Terry Orr-Weaver, Ph.D., from the Whitehead Institute for Biomedical Research at the Massachusetts Institute of Technology (MIT), was the first presenter in the 2016 NIEHS Distinguished Lecture Seminar Series. Her Jan. 21 talk was titled “Coordination of Meiosis and mRNA Translation for the Oocyte-to-Embryo Transition.” Orr-Weaver was welcomed and introduced by Carmen Williams, M.D., Ph.D., head of the NIEHS Reproductive Medicine Group.
Williams listed some of Orr-Weaver’s exceptional accomplishments, including fellow of the American Association for the Advancement of Science and the American Academy of Microbiology, and member of the National Academy of Sciences. In addition, she is an American Cancer Society Research Professor and has received the Federation of American Societies for Experimental Biology Excellence in Science Award.
The transition of oocytes into eggs is "one of the most remarkable transitions in all of biology,” Orr-Weaver said. Oocytes are female germ cells that mature into eggs through the cell division process of meiosis, which reduces the chromosome count by half. She discussed studies that shed light on links between defects in this important transition and human diseases, such as cancer and birth defects.
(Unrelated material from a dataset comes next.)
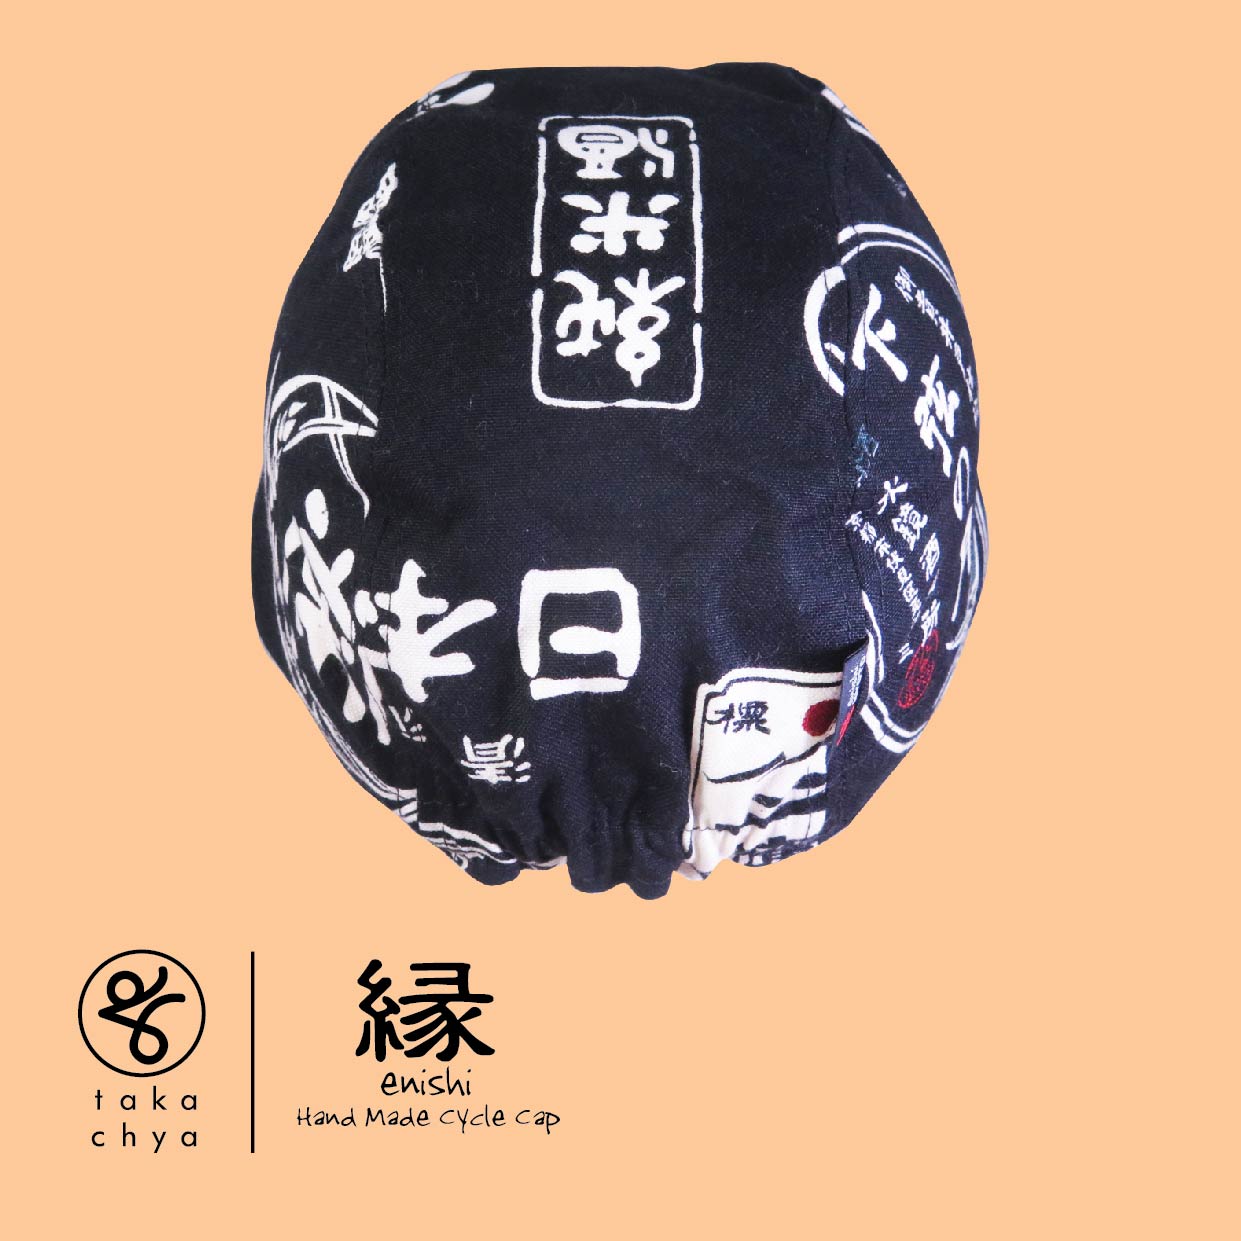 ENISHI 日本酒物語・黒 / NIHONSYU MONOGATARI・BLACK HANDMADE CYCLING CAP
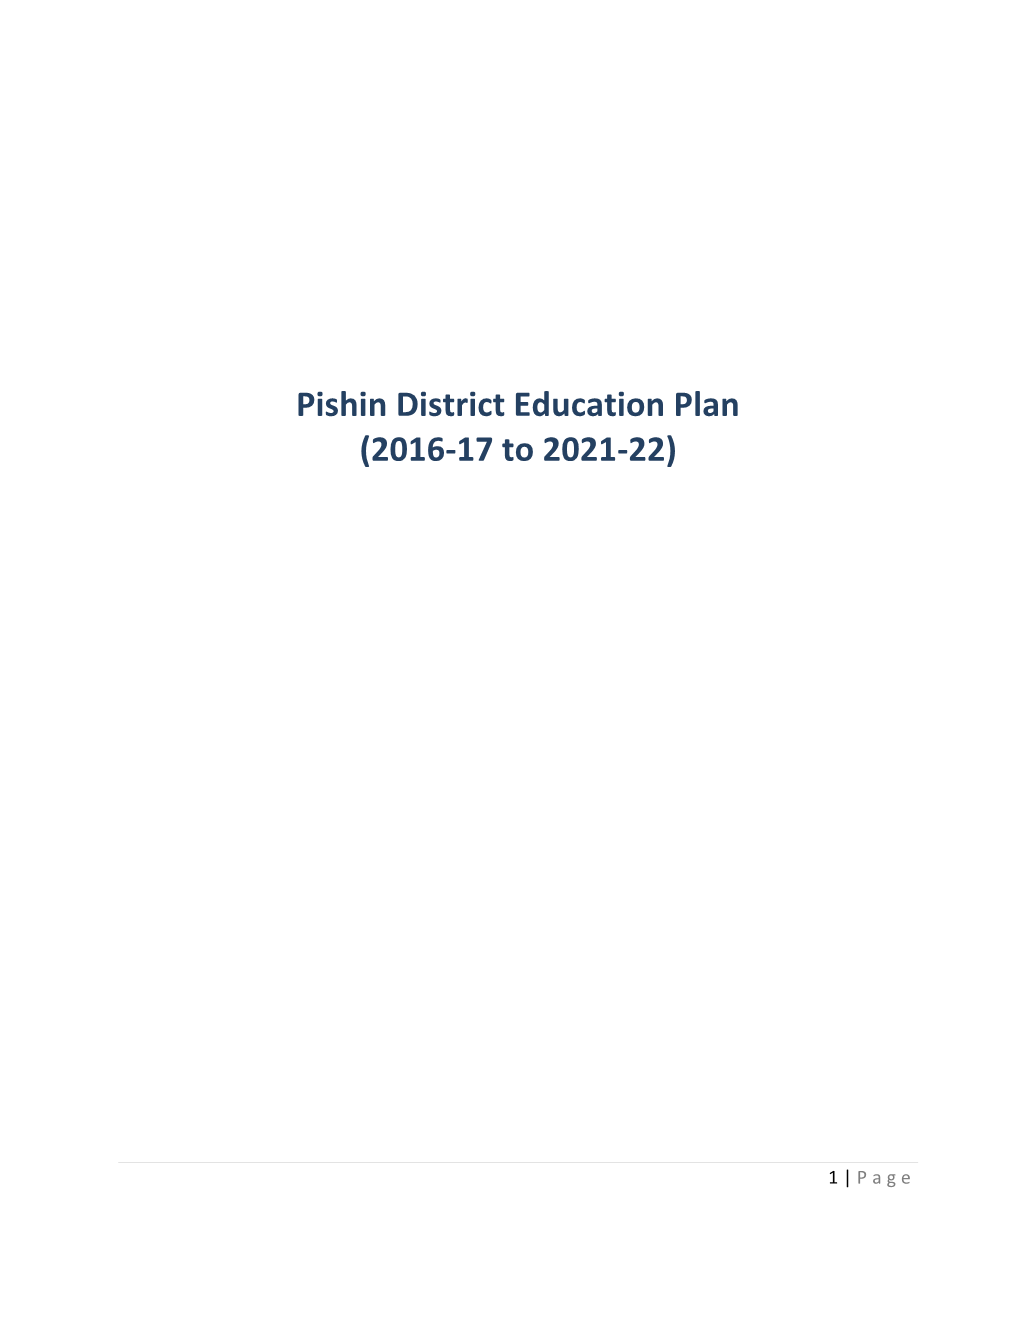 Pishin District Education Plan (2016-17 to 2021-22)

Oocyte maturation and egg activation
Orr-Weaver said that two key steps in the transition of oocytes into embryos are oocyte maturation, followed by egg activation. According to Orr-Weaver, egg activation is the set of events that cause completion of meiosis, restore totipotency, which is the ability of the cell to differentiate into all cell types, and allow the egg to be fertilized and enter mitosis, or normal cell division. In nearly all animals, the transition from oocyte to embryo marks the beginning of development, and more importantly, occurs in the absence of DNA transcription.
Her lab has found that the best model system for studying the changes that accompany oocyte-to-embryo transition is the fruit fly, or Drosophila. “In Drosophila, oocyte maturation and egg activation events occur at precise points in oocyte development and are morphologically distinct,” said Orr-Weaver. This allows researchers to isolate mature oocytes and activated eggs for further study. More importantly, egg activation can be separated from fertilization without impact from expression of genes in the fertilized egg.
Translational changes are key
Translation is the process by which messenger RNA turn genes into proteins. Studies by the Orr-Weaver laboratory and their collaborators reveal that translation, as opposed to transcription, is remarkably important in the earliest stages of development.
“We think so much about how gene expression can be regulated at the level of transcription, but these really dramatic developmental changes, by necessity, must be controlled by changes in translation and in protein stability,” she said.
PNG kinase complex regulates translation
In additional genetic studies, the Orr-Weaver lab identified a novel protein complex called PAN GU (PNG) kinase. According to Orr-Weaver, PNG kinase is composed of three subunits — PNG, PLU, and GNU. The PNG kinase complex is a major translational regulator at egg activation.
A translational repressor called trailer hitch (TRAL), which is present in both yeast and humans, is a critical target of the PNG kinase complex. Orr-Weaver suggested that upon phosphorylation, TRAL loses its ability to repress translation. This, in turn, leads to a burst of regulation of maternal mRNA translation.
Following the lecture, NIEHS trainees had the opportunity to have lunch with Orr-Weaver. This enabled fellows to learn more about her research and to discuss scientific and career development issues.
(Tara Ann Cartwright, Ph.D., is a former postdoctoral fellow in the NIEHS Intracellular Regulation Group).